YOUR INSTRUCTIONS => Each line of the data below between the one containing "Premo SculpeyAccents 24" and the one containing "2006 Toyota Corolla", both included, is to be repeated exactly. Please omit pictures.

DATASET RECORDS =>

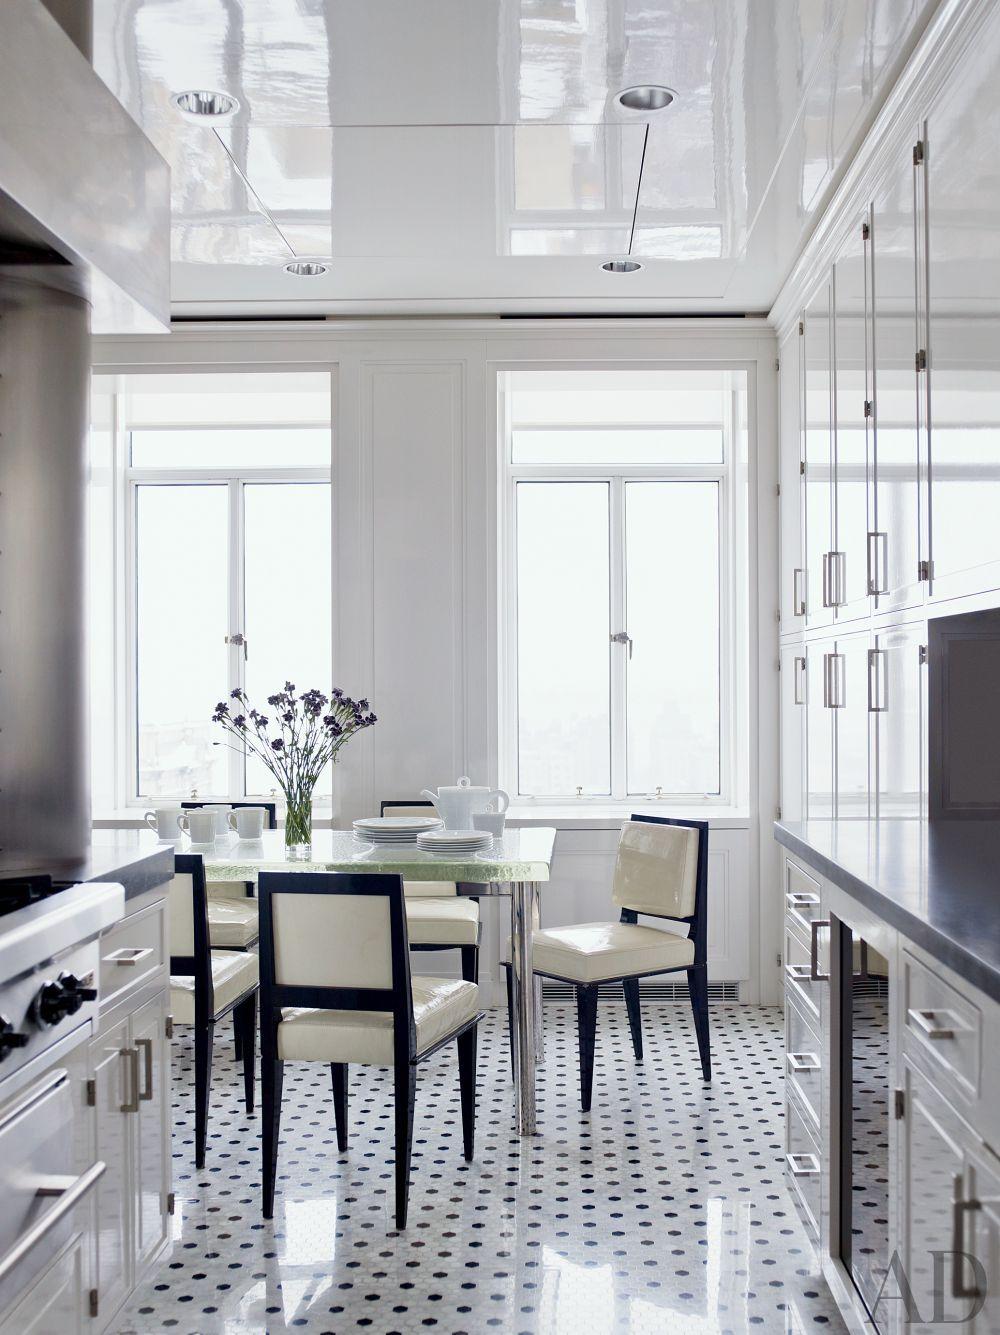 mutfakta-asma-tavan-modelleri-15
...
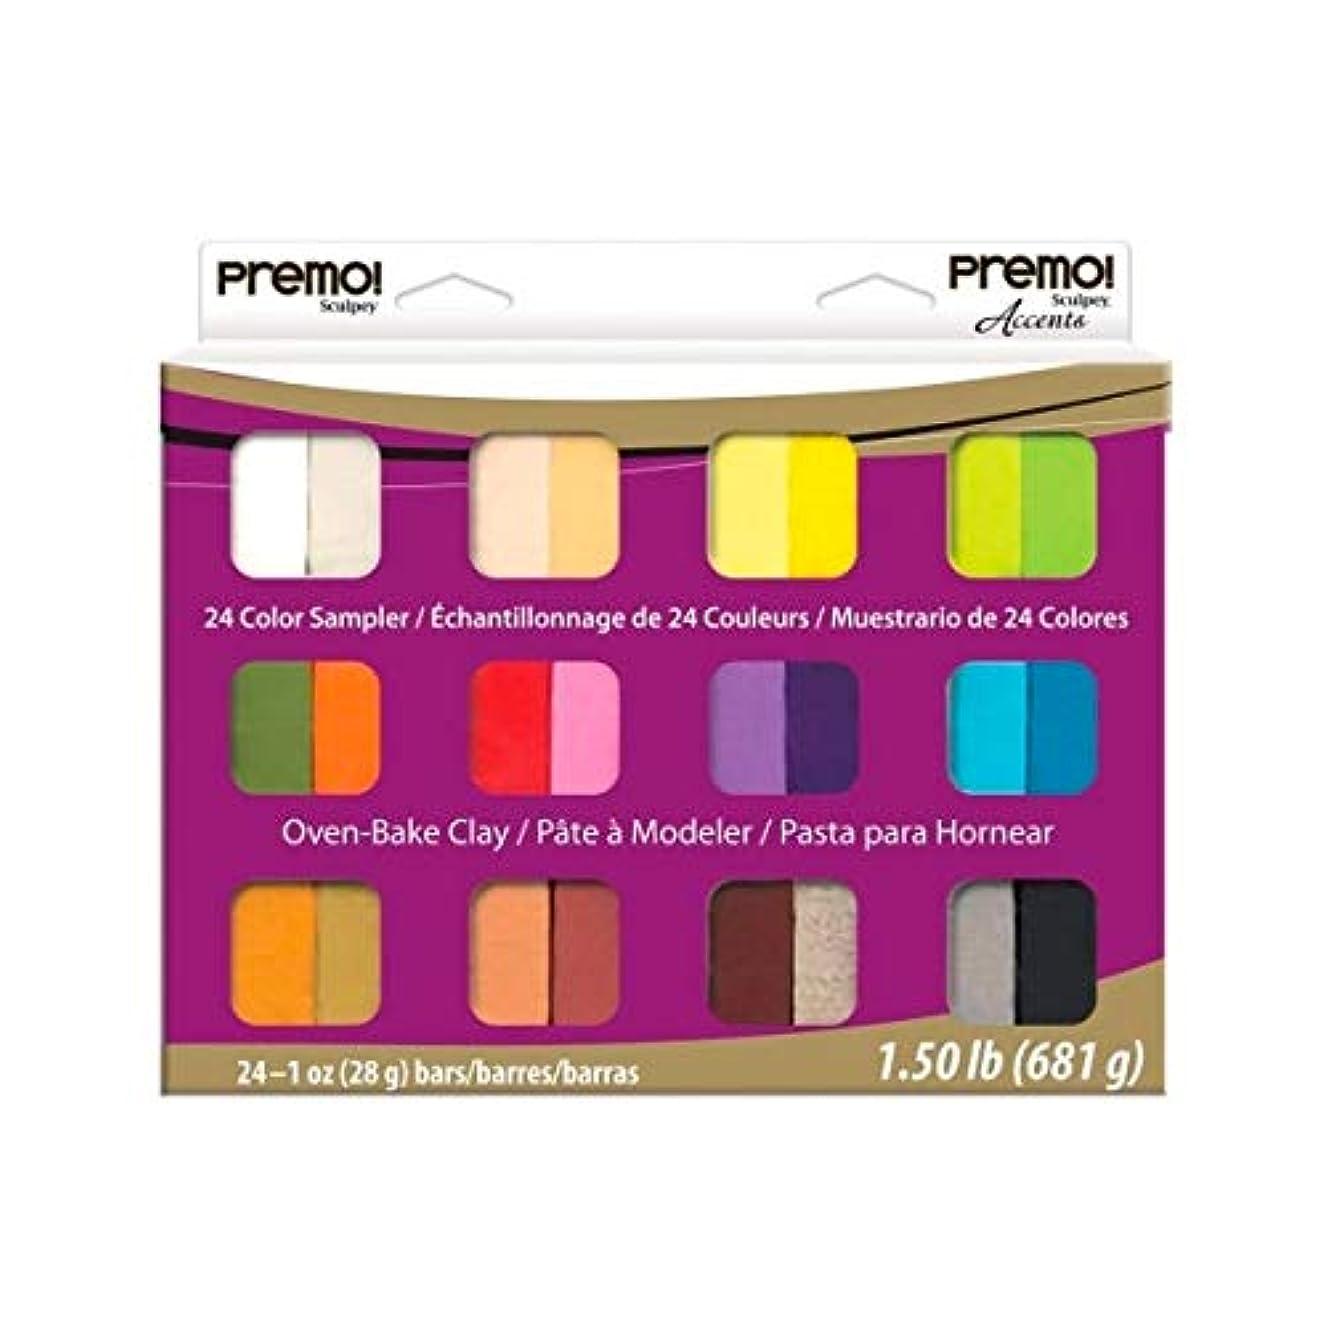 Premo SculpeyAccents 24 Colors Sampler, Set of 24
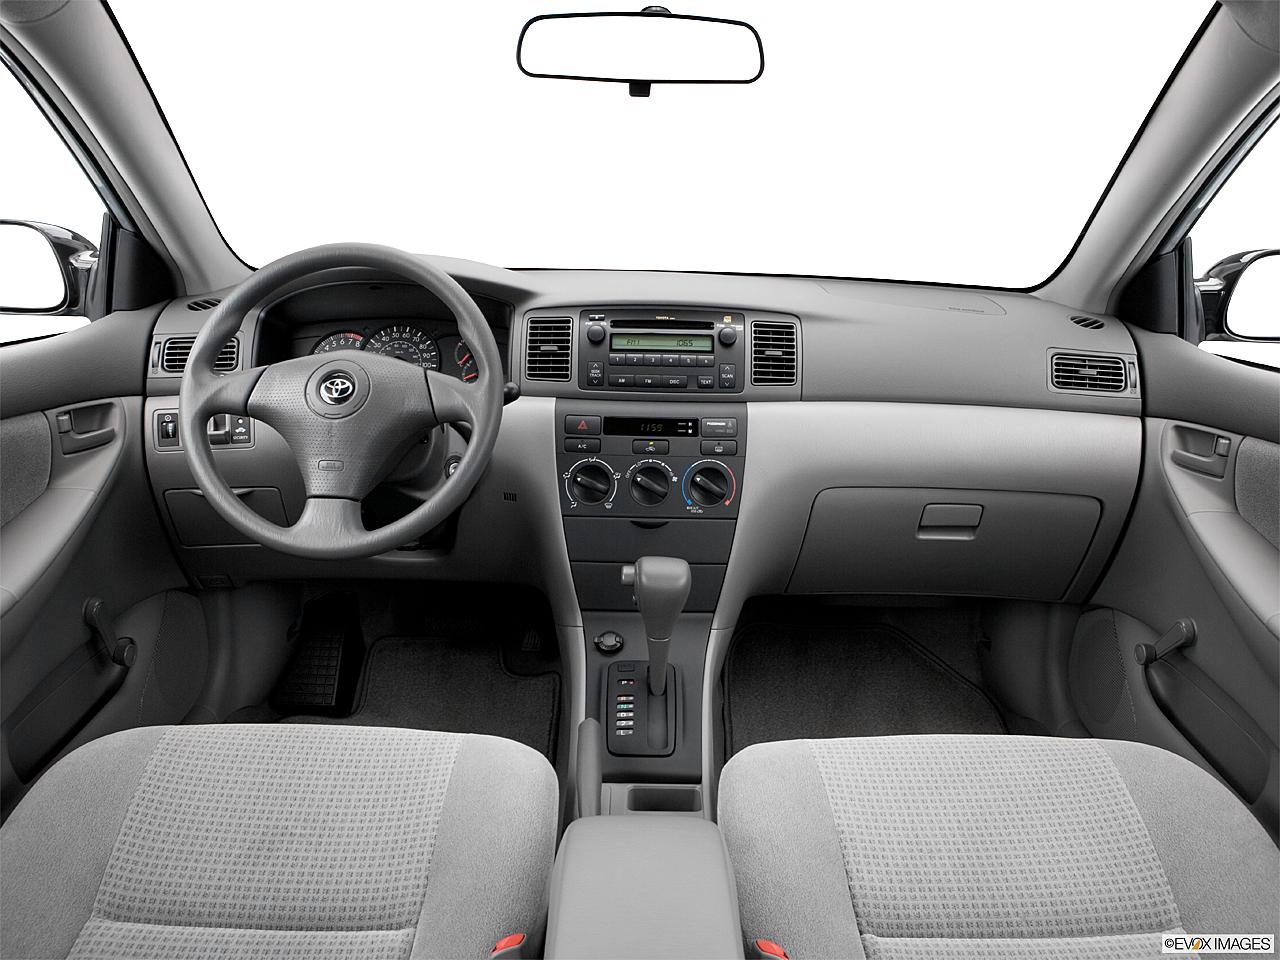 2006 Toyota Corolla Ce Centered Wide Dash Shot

EXERCISE OUTPUT =>
 Premo SculpeyAccents 24 Colors Sampler, Set of 24
 2006 Toyota Corolla Ce Centered Wide Dash Shot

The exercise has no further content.